The Use of Multi-Level Potential Field Data in Regional, Geophysical Modelling
Jörg Ebbing1, Reynir F. Reynisson2, and Jan Reidar Skilbrei1
1Geological Survey of Norway, Trondheim, Norway
2Petroleum Engineering and Applied Geophysics, NTNU, Trondheim, Norway
Modeling of potential field data suffers from the ambiguity problem and constraining data are needed to minimize the uncertainty of forward and inverse models. Useful information which can limit the uncertainties is contained in the frequency content of the potential field data. Routinely, wavelength filtering and methods like power-spectrum estimates have been used in the past in interpretation of potential field data. However, shallow geological structures often are not limited to a certain wavelength and overlap in their characteristic wavelength with deeper-seated anomalies (e.g. cratonic basins).

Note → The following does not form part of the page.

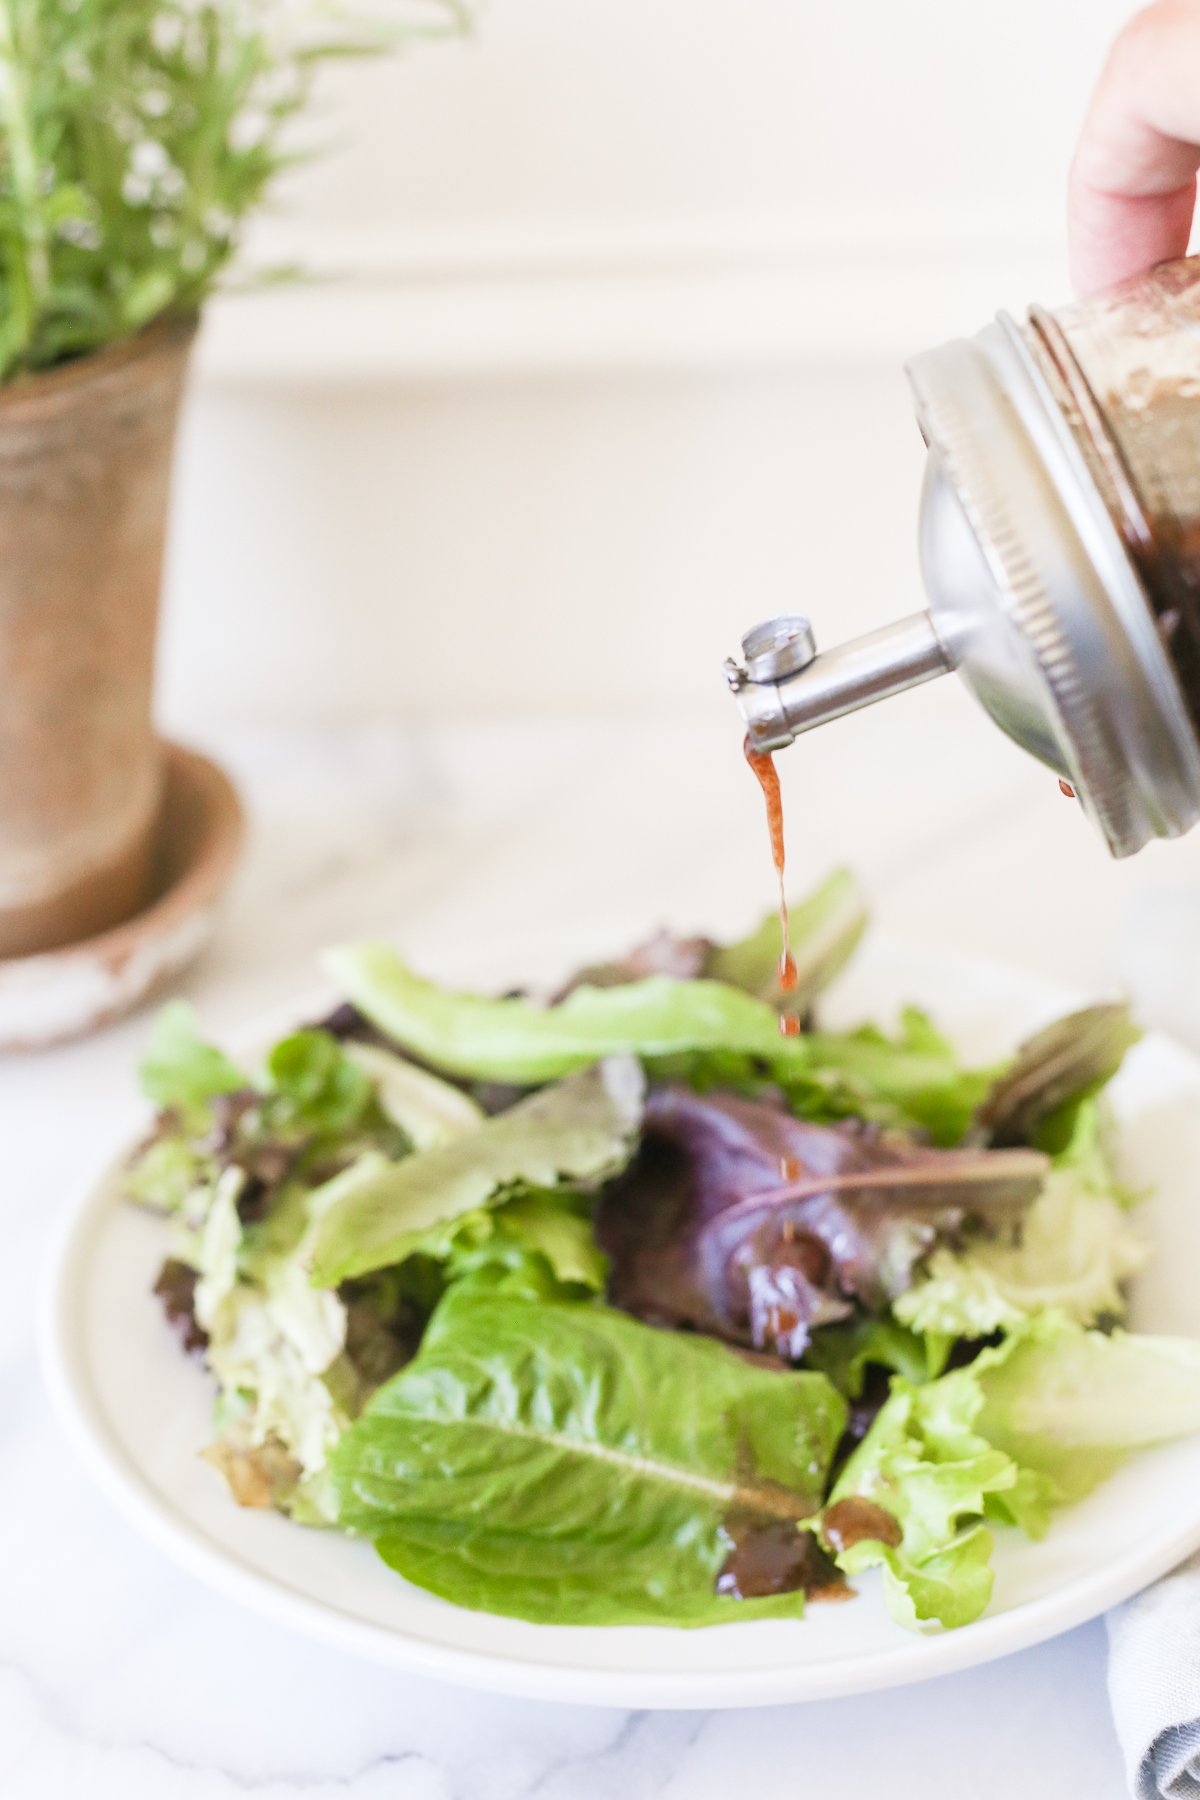 Balsamic vinaigrette in a glass bottle, pouring over a salad.

The availability of data sets at different levels, e.g. ground data, ship borne data, airborne data and satellite data, allows nowadays modeling simultaneously potential fields from different heights, and overcomes therewith the necessity of wavelength-filtering. Models can be tested immediately against their response in multi-level data-sets, which increases the uncertainty of the solutions. Especially, in inversion of potential field data the use of different observation levels minimizes the uncertainty in the analysis of sources superposed from different depth. We present key examples of multi-level modeling of the magnetic field and gravity field for the Oslo Graben, Barents Sea and mid-Norwegian margin, where multi-level data sets have been used to model crustal intrusives and crustal structure underlying sedimentary basins.